CRISPR-Cas diversity
As with most cellular organisms, industrial clostridia are constantly challenged by viruses and must maintain defence systems to counter these viral infections. CRISPR-Cas systems in the industrial clostridia genomes were therefore analysed for prevalence, diversity, and dynamics in closely related host species. CRISPR arrays were found to be unevenly distributed across industrial clostridia species.
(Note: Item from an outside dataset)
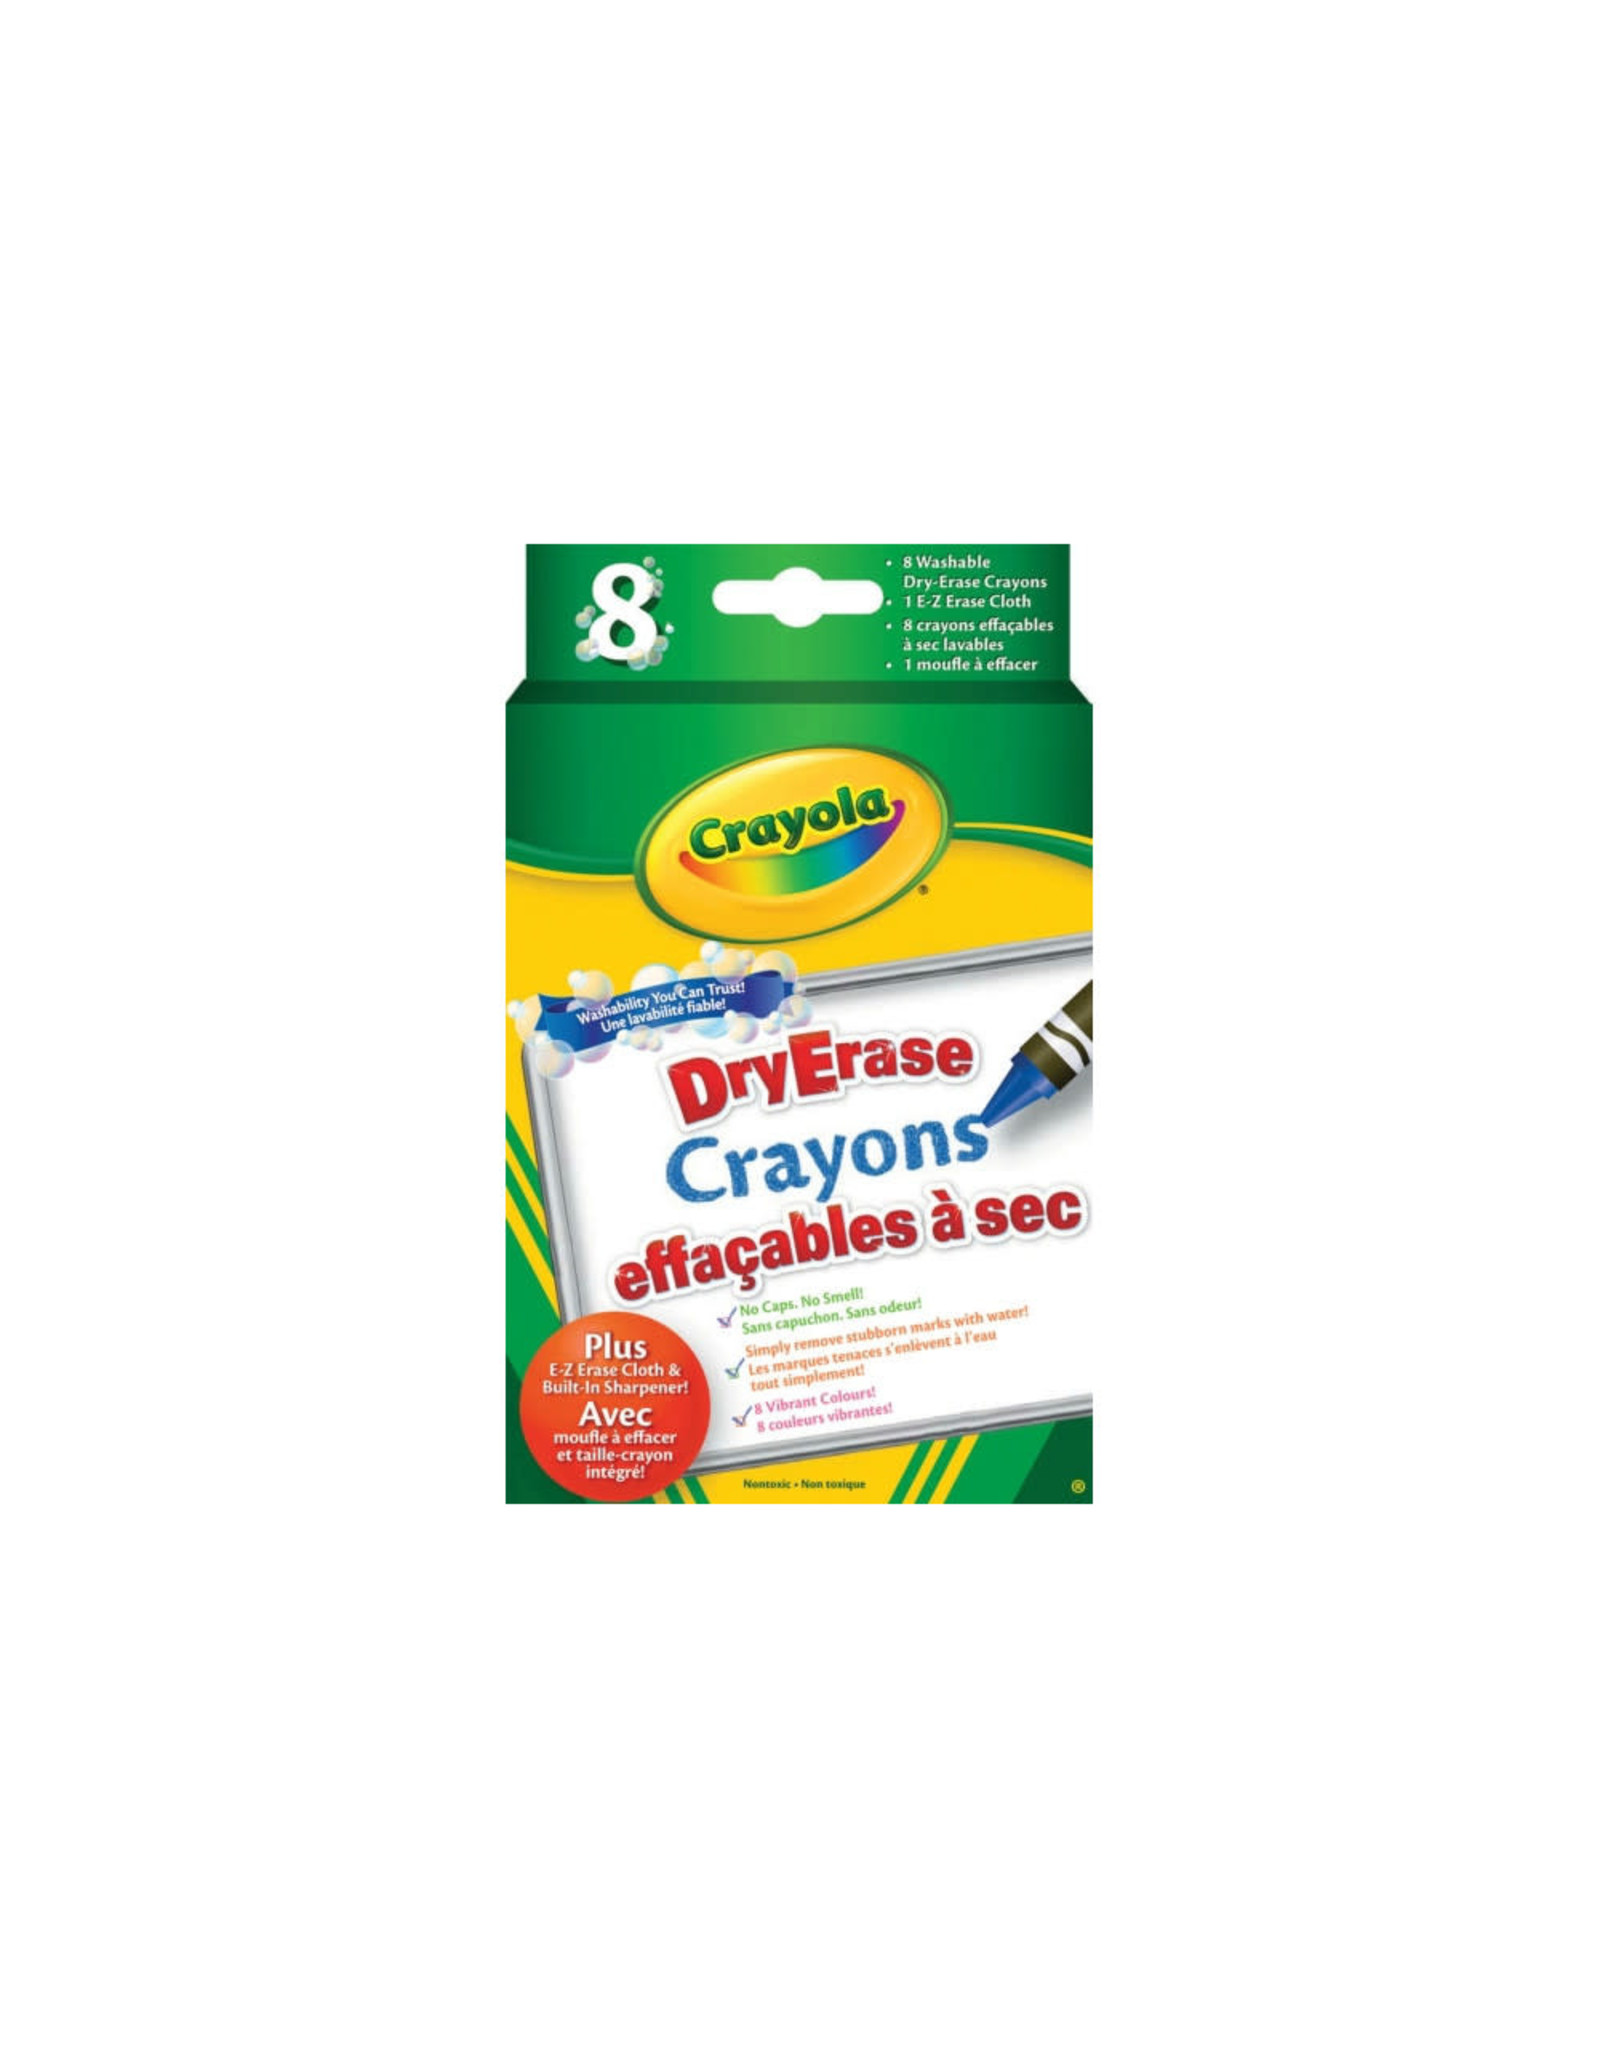 Crayola Crayola Dry Erase Crayons

Searching for Cas genes and CRISPR-like repeat patterns uncovered 135 putative CRISPR arrays, which could be broadly classified into 2 types: a complete Type I-B CRISPR-Cas system, and a partial Type I-B CRISPR-Cas system which lacks genes associated with CRISPR spacer integration (Fig. 10B)34. The complete Type I-B system was the most common, detected in all the C. saccharobutylicum, C. saccharoperbutylacetonicum, and C. tetanomorphum genomes, and a minority of genomes from C. butyricum and C. beijerinckii (20% and 7%, respectively, Fig. 10C). Typically, only a single complete Type I-B operon was identified per genome, except in five C. beijerinckii genomes which encoded two distinct sets of Type I-B Cas genes, associated with two distinct spacer arrays with different repeats (Table S10). For these few instances of multiple copies of the Cas operon, it is possible that the Cas machinery may recognize different PAMs, enabling a more comprehensive defence mechanism. Meanwhile the partial Type I-B operon was only detected in C. saccharobutylicum genomes and found associated with spacers entirely different from the ones encoded in the complete Type I-B array. Since these partial Type I-B systems apparently lack the spacer acquisition module but use a repeat similar (though not identical) to the one associated with the complete Type I-B systems in the same genome, it is possible that these arrays are still active and leveraging the spacer acquisition machinery from the co-occurring complete Type I-B system.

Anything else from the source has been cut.